When Mithridates finally decided to withdraw, he used the cover of winter weather to break through Lucullus's encirclement and march his surviving forces toward Lampsacus on the Hellespont. But the army that reached Lampsacus was not the one that had set out. On the road, Lucullus's forces caught up with the retreating column at the Granicus River — the same river where Alexander the Great had won his first victory over Persia in 334 BC — and attacked. The destruction was severe.
Of the approximately 300,000 soldiers who had marched into Bithynia, only around 20,000 effective troops remained by the time Mithridates reached safety. The ancient sources describe the siege as an unmitigated disaster for Pontus. It was not a loss on a battlefield — there was no climactic engagement. It was attrition: the slow arithmetic of a large army consuming more than it could replenish, in hostile terrain, under an opponent who understood that arithmetic better than the king did.
The people of Cyzicus who held the city through the siege of 73 BC were defending something that mattered. The city was, by that point, the leading city of northern Mysia and a Roman ally of long standing. Its gold coins — the cyziceni — had been a standard currency across the Greek world for centuries. Its Temple of Hadrian, not yet built, would eventually rise to a scale that made ancient writers rank it among the wonders of the world. The city that withstood Mithridates was rewarded by Rome with an extension of territory and recognition of its municipal independence.
The men and women inside Cyzicus's walls in the winter of 73–72 BC endured not only the threat of siege weapons but the knowledge that an enormous army encircled them. They watched from their walls as that army starved. The besiegers suffered; the besieged held on. It was, in the end, the city's geography and the patience of Lucullus that decided matters — not heroic assault, but the grinding mathematics of supply.

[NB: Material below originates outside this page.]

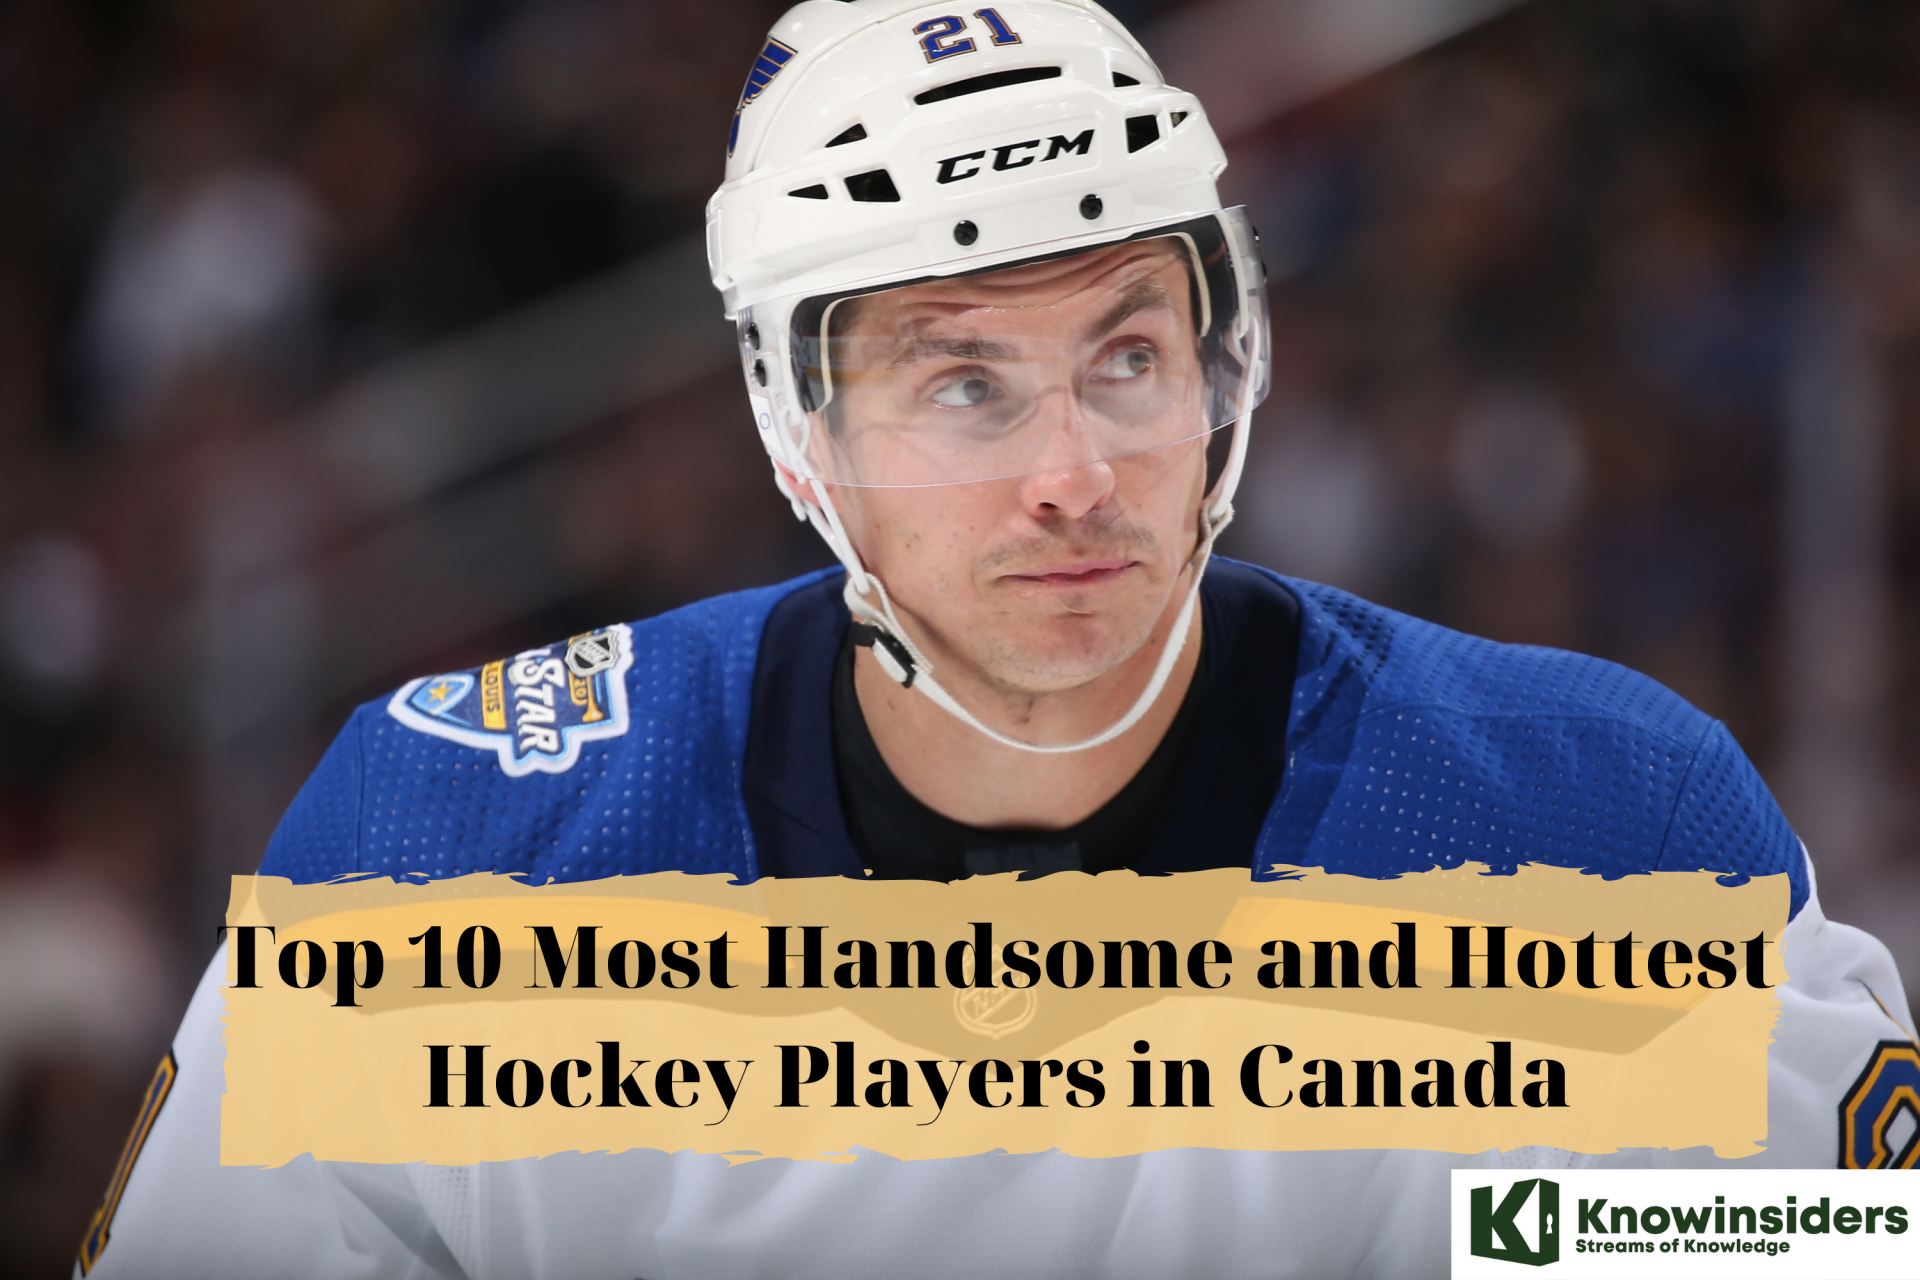 Top 10 Most Handsome Hockey Players in Canada for 2021/2022

The siege site is centered on ancient Cyzicus at approximately 40.40°N, 27.80°E, on the Kapıdağ Peninsula in Balıkesir Province, northwestern Turkey. At 3,000–5,000 feet, the peninsula's narrow connection to the Anatolian mainland — the Belkıs Tombolo — is clearly visible, and the surrounding waters of Bandırma Gulf to the east and Erdek Gulf to the west make the peninsula's defensible geography apparent. The hill from which Lucullus would have observed the siege is in the low terrain northeast of the peninsula's base. The nearest airport is LTBG (Bandırma Airport), approximately 20 km northeast on the mainland. The ruins of ancient Cyzicus lie east of modern Erdek, marked by the Bal-Kız site off the Bandırma road.